**Action item**
How do the lines below between the ones holding "FEBI BILSTEIN 01264" and "Return Taxes Frequently", inclusive, read? Give them again exactly, with no other lines.

**Supplied entries**

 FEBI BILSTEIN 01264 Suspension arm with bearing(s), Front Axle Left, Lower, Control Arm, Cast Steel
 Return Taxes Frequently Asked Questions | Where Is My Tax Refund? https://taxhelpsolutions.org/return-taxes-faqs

==

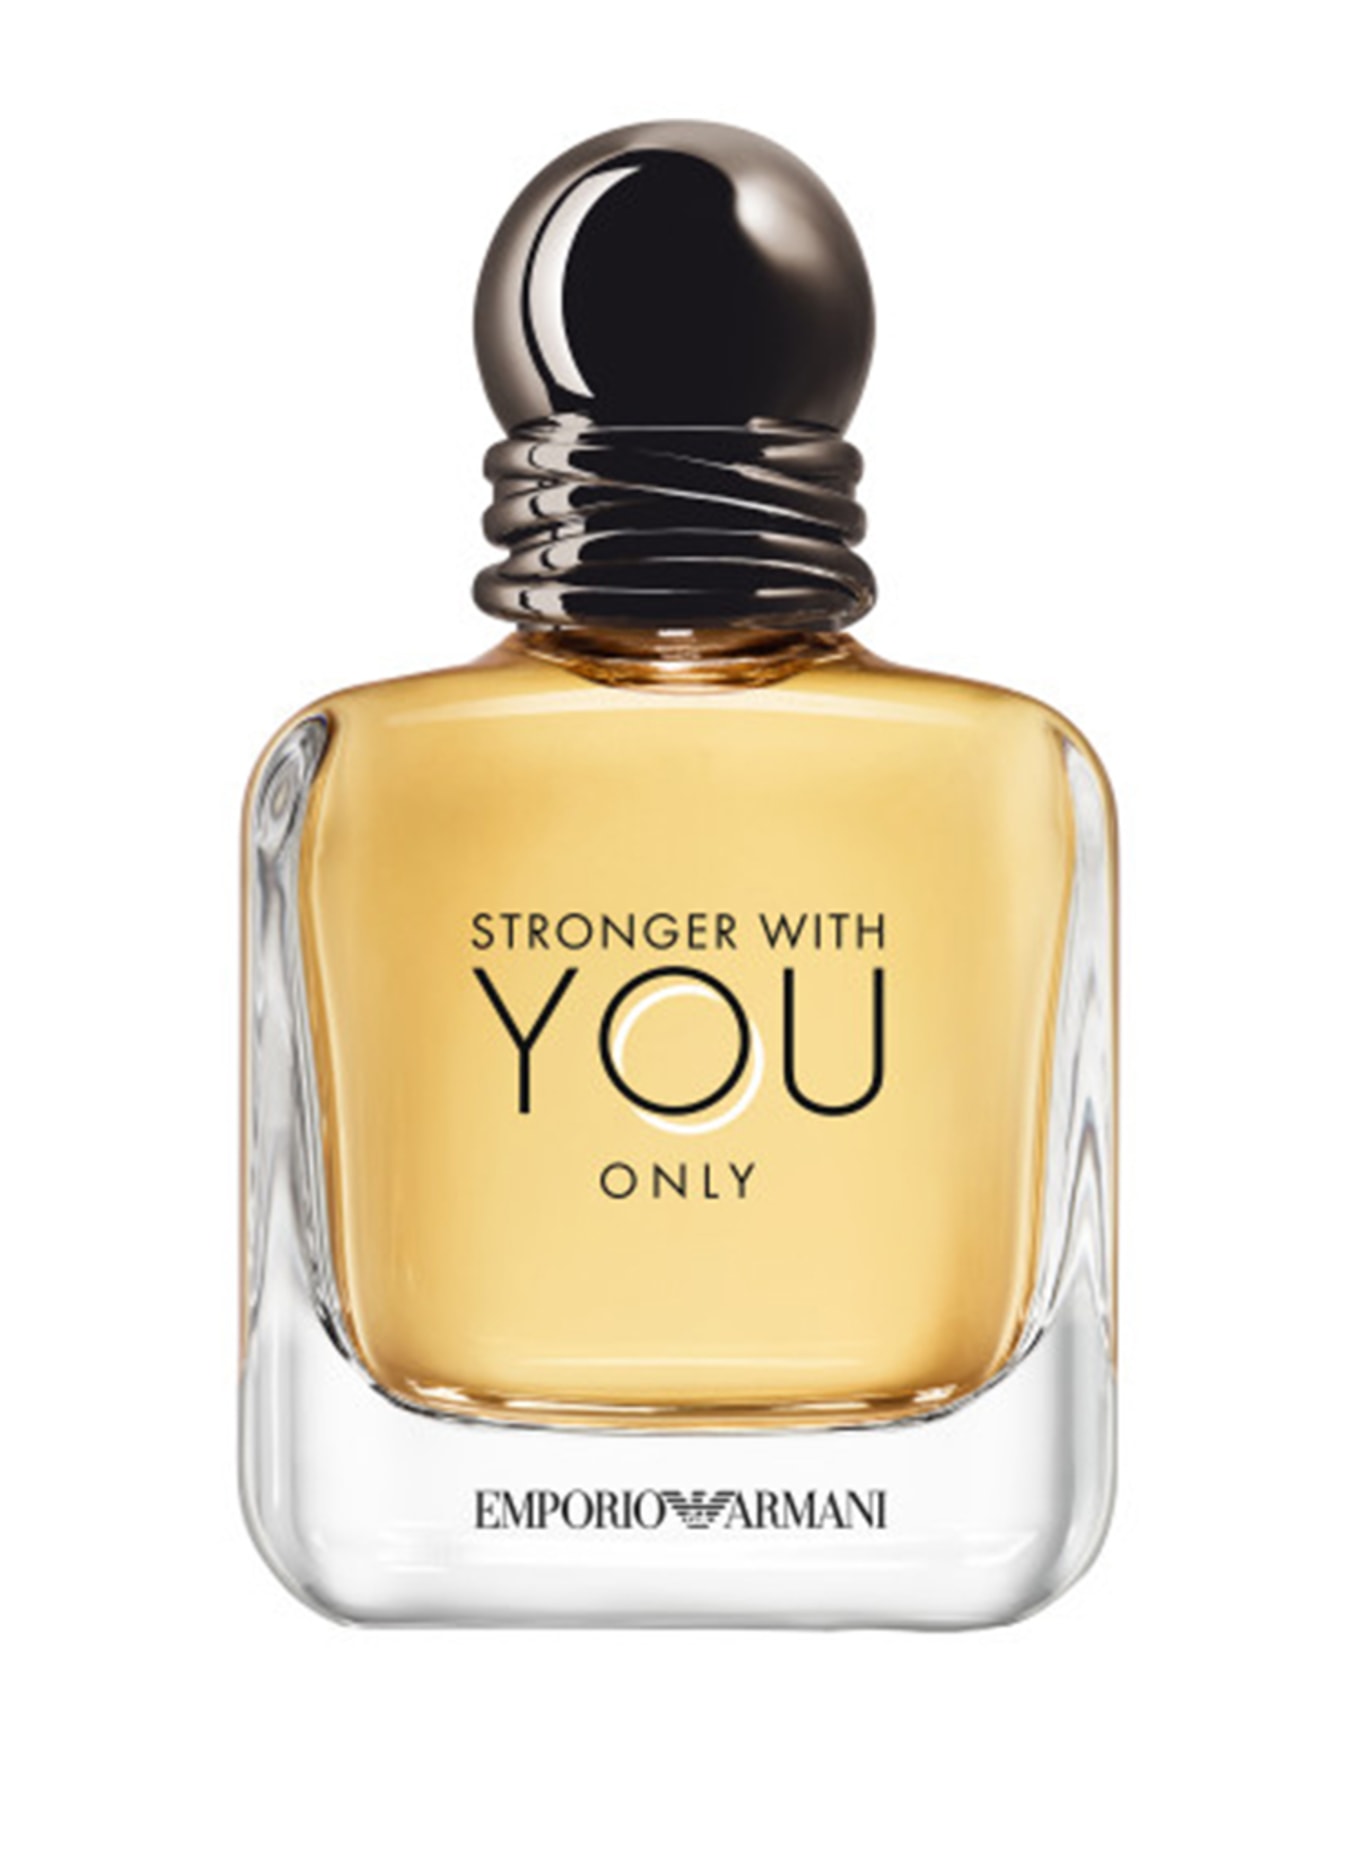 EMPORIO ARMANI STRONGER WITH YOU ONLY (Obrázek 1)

---

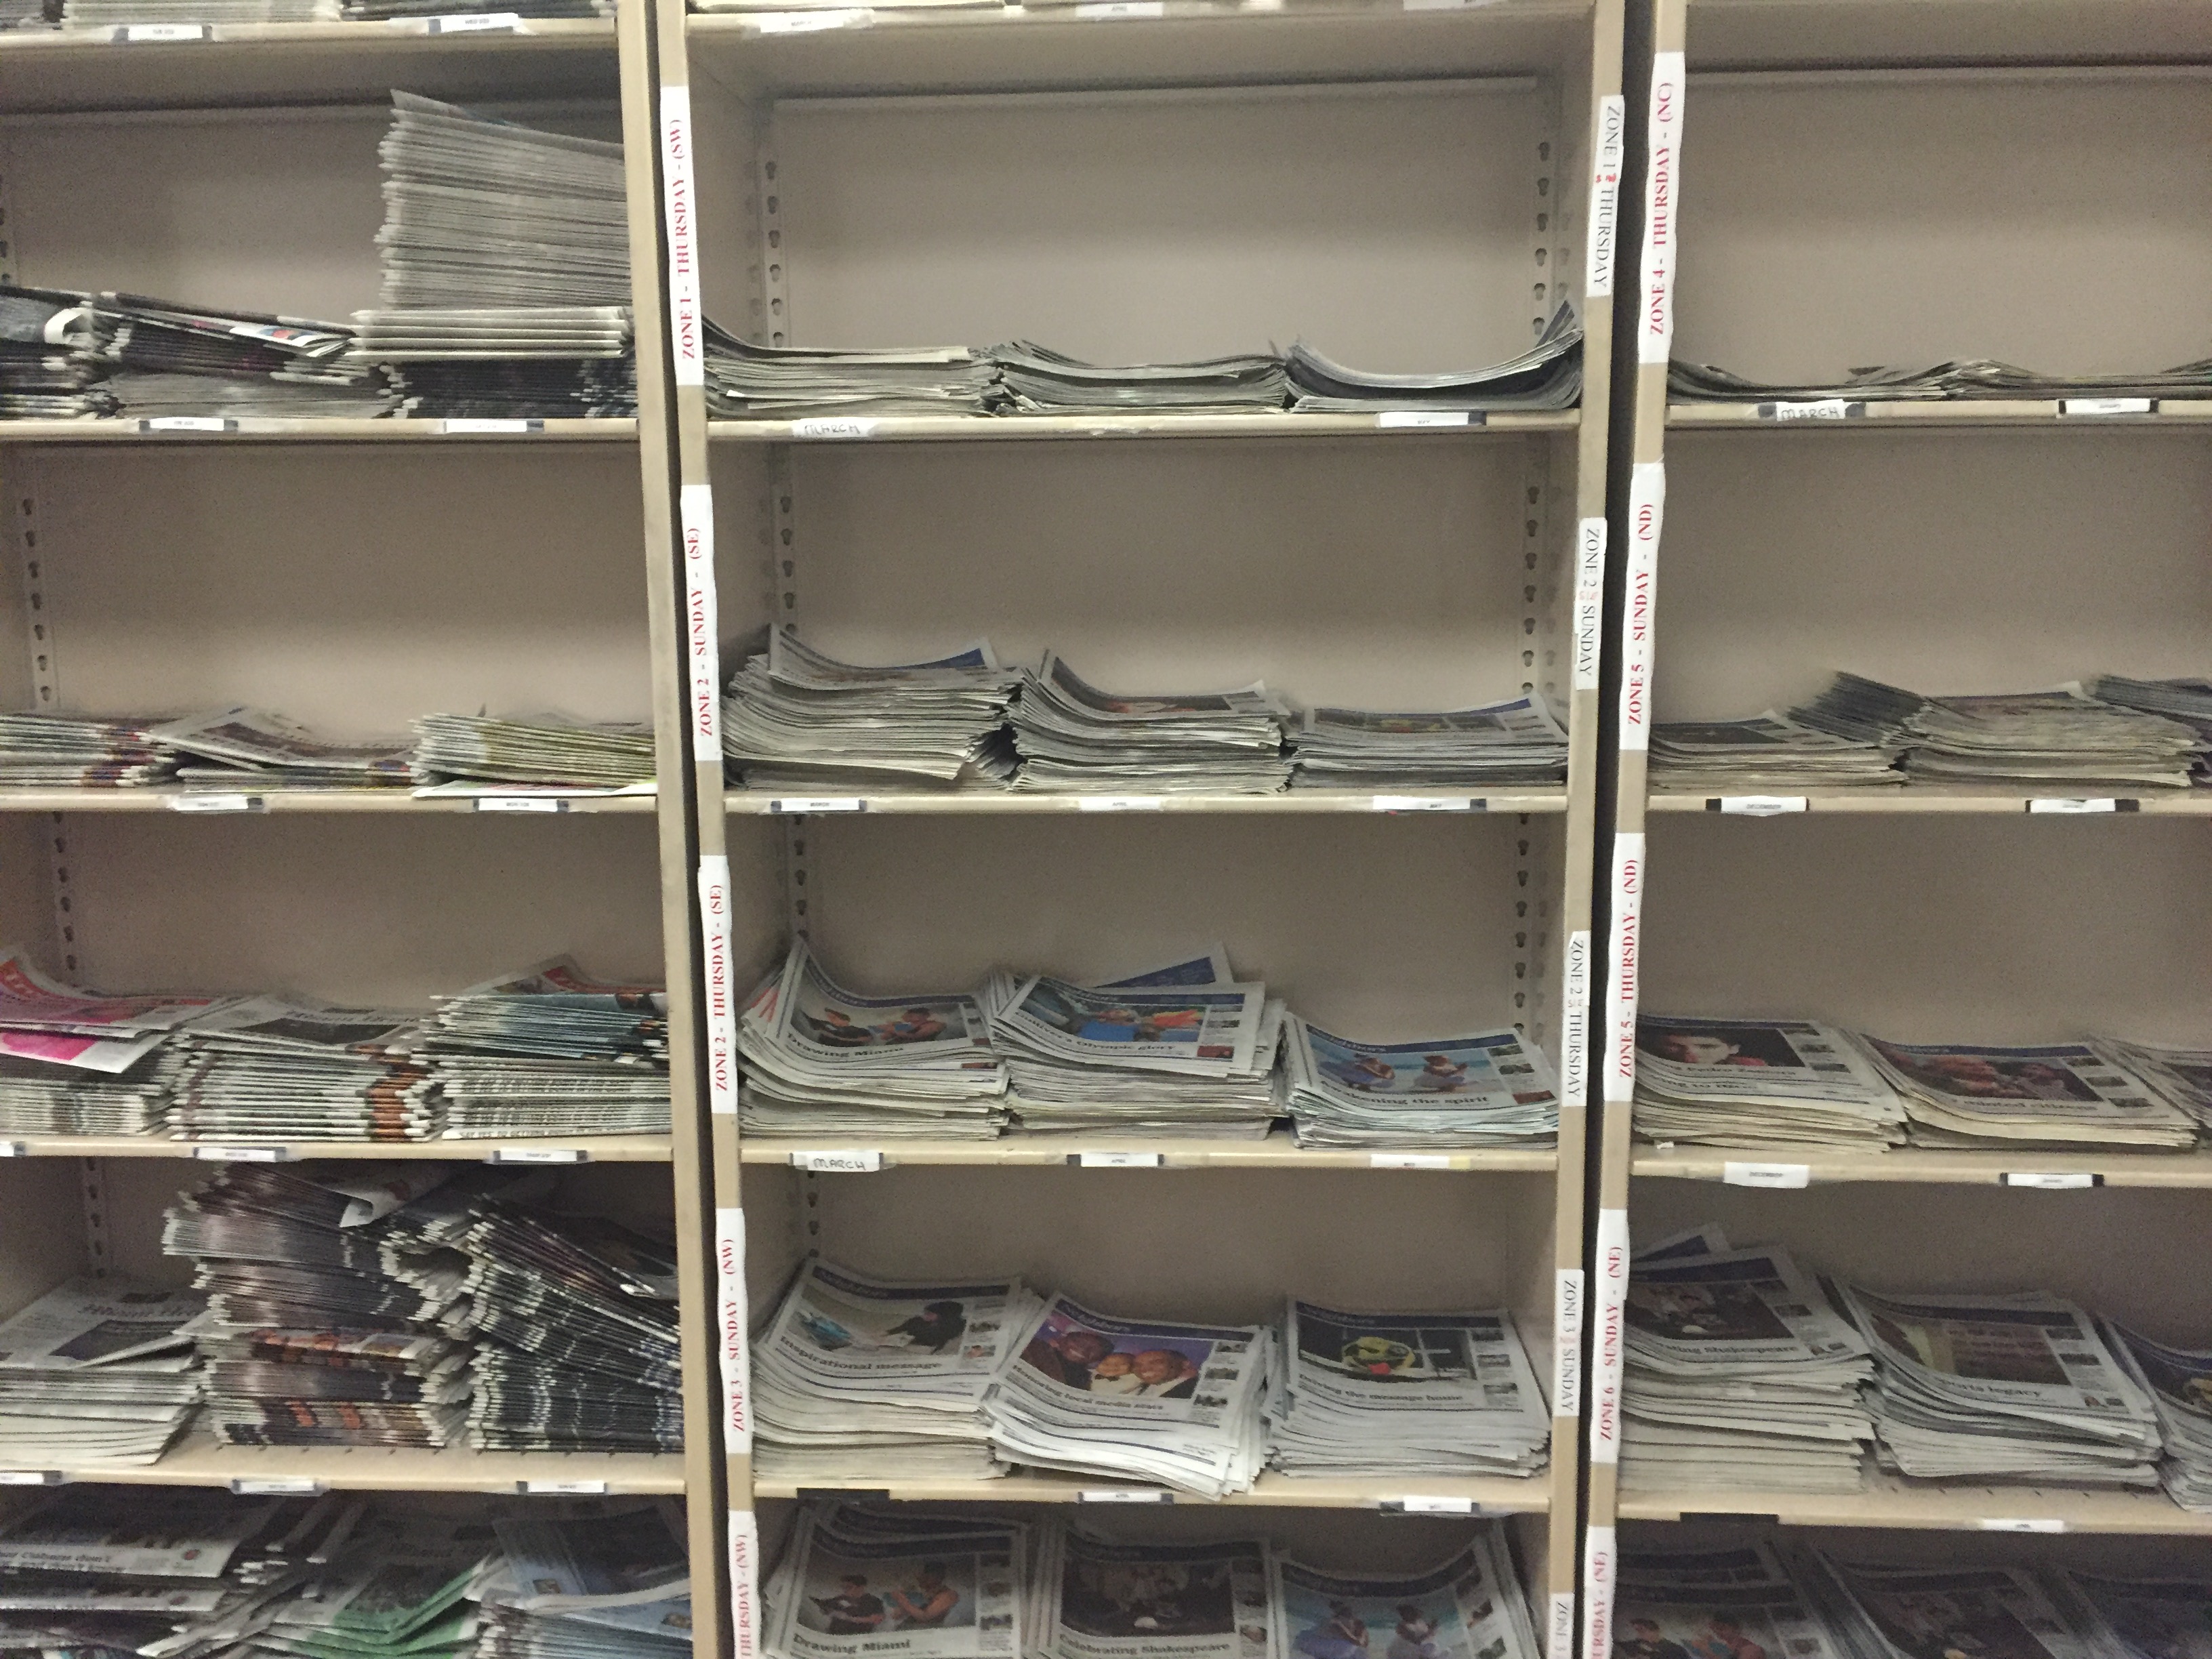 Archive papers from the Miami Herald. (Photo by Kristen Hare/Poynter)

**Finished task**
 FEBI BILSTEIN 01264 Suspension arm with bearing(s), Front Axle Left, Lower, Control Arm, Cast Steel
 Return Taxes Frequently Asked Questions | Where Is My Tax Refund? https://taxhelpsolutions.org/return-taxes-faqs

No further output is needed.